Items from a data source
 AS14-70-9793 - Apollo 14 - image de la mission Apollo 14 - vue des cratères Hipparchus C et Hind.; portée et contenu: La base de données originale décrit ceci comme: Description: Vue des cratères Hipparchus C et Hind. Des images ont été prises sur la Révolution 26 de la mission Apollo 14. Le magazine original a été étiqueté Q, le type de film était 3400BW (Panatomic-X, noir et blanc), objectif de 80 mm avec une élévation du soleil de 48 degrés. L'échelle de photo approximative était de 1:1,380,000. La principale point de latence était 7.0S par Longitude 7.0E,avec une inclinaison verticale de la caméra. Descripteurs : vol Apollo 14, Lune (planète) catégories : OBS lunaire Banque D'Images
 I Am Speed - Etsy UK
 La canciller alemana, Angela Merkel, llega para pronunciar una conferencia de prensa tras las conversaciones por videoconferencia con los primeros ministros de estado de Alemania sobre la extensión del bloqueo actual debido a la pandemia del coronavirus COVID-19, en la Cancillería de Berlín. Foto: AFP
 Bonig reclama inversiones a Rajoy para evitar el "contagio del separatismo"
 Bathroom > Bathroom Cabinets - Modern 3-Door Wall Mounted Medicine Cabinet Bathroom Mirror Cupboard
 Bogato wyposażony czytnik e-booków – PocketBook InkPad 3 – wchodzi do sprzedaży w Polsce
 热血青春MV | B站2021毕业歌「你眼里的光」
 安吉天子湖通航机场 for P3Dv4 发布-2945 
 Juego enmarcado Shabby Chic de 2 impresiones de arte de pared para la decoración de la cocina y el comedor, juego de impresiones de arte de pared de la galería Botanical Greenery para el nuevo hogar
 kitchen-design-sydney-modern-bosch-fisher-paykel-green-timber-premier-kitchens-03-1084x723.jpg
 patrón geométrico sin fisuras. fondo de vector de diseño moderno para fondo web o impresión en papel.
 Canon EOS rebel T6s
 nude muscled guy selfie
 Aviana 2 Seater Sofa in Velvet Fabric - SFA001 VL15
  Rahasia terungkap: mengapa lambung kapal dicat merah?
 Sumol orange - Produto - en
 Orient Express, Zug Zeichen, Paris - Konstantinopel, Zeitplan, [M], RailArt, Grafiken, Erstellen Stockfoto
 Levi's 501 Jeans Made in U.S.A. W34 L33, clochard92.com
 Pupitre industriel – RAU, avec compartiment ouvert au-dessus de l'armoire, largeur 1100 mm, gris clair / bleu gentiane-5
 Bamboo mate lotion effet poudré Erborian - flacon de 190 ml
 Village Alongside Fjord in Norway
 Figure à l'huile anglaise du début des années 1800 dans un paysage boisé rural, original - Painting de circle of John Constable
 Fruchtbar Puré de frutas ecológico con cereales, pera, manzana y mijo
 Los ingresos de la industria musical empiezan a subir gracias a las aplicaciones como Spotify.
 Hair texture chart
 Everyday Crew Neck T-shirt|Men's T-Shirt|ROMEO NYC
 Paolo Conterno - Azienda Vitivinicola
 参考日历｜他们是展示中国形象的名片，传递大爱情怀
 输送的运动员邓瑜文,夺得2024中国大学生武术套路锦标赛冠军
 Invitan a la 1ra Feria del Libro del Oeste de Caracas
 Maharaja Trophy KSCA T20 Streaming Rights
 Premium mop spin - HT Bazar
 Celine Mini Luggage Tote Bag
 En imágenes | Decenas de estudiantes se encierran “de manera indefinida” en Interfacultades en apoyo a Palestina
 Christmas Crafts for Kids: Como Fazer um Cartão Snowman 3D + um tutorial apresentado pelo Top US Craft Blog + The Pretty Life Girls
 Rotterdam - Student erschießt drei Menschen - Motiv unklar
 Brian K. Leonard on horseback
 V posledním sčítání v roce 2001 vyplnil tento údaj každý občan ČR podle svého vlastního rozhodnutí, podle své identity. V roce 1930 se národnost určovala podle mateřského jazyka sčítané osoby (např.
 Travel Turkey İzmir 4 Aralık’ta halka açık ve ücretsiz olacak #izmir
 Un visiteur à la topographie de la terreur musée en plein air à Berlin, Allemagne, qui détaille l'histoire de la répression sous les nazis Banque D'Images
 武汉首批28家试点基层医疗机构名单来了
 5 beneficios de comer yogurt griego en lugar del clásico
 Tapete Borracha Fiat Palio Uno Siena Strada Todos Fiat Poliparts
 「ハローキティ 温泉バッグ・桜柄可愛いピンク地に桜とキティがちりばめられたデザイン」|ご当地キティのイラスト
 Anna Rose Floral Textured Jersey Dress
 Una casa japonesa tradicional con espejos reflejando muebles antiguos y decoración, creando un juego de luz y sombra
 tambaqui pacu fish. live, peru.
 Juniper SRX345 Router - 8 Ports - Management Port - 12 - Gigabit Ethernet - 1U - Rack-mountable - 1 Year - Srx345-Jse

# [Exercise]
Look through the entries above and copy each line that has "juego" in it.

# [Answer to this task]
 Juego enmarcado Shabby Chic de 2 impresiones de arte de pared para la decoración de la cocina y el comedor, juego de impresiones de arte de pared de la galería Botanical Greenery para el nuevo hogar
 Una casa japonesa tradicional con espejos reflejando muebles antiguos y decoración, creando un juego de luz y sombra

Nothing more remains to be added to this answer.